** Supplied information **
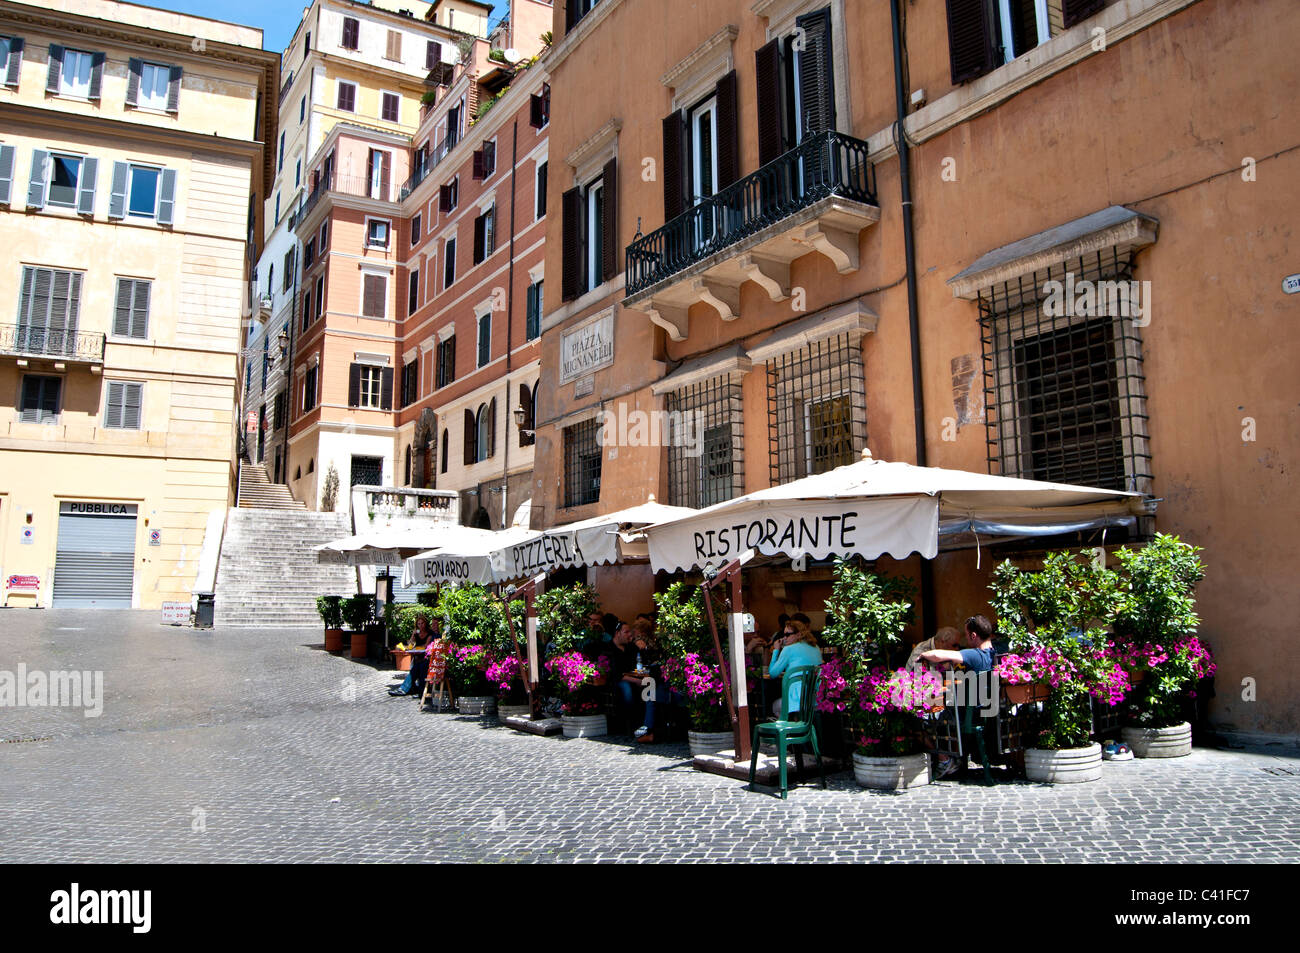 Straßenszene aus Rom Piazza di Spagna - Italienisches restaurant Stockfoto
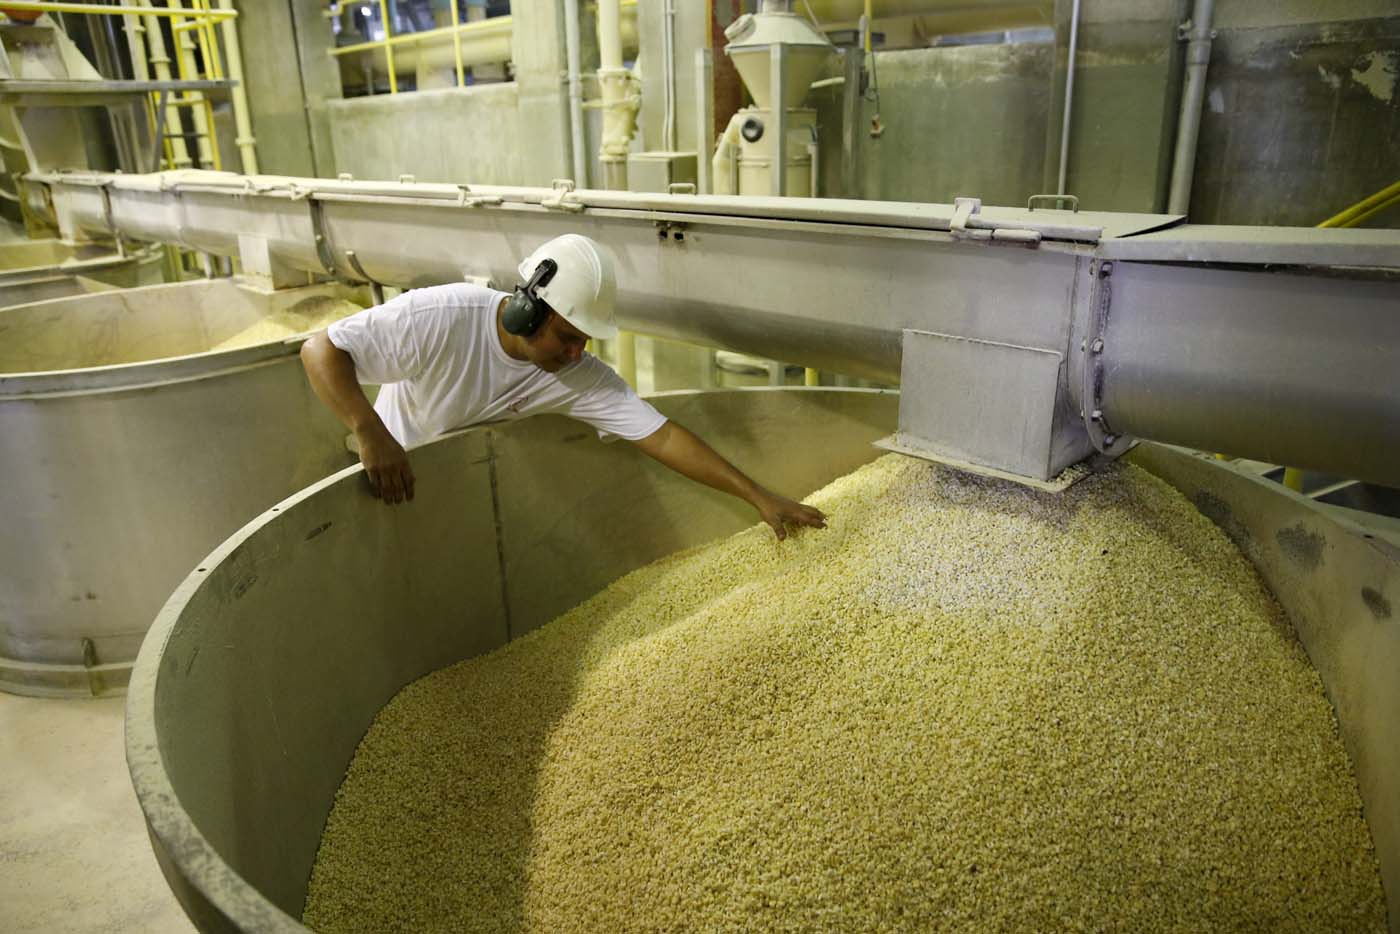 Comienza cosecha de maíz con unos precios fijados de manera inconsulta y arbitraria, dice Fedeagro
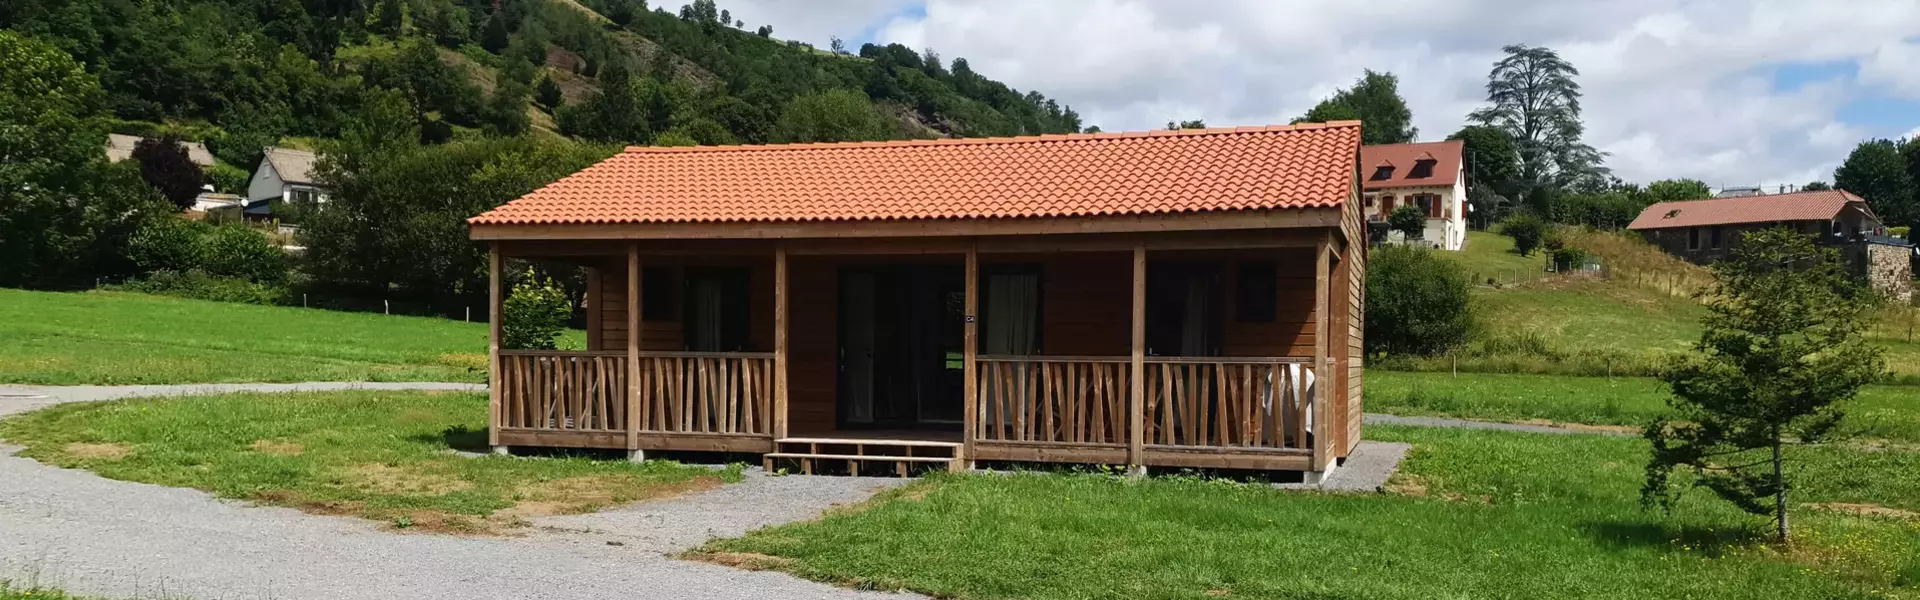 Gîtes et chalets - Le Lac des Graves en Auvergne - Cantal : Hôtel, restaurant, multi activités...

** Problem requirements **
Set down all of the material above exactly as written, leaving the pictures out.

** Response area **
 Straßenszene aus Rom Piazza di Spagna - Italienisches restaurant Stockfoto
 Comienza cosecha de maíz con unos precios fijados de manera inconsulta y arbitraria, dice Fedeagro
 Gîtes et chalets - Le Lac des Graves en Auvergne - Cantal : Hôtel, restaurant, multi activités...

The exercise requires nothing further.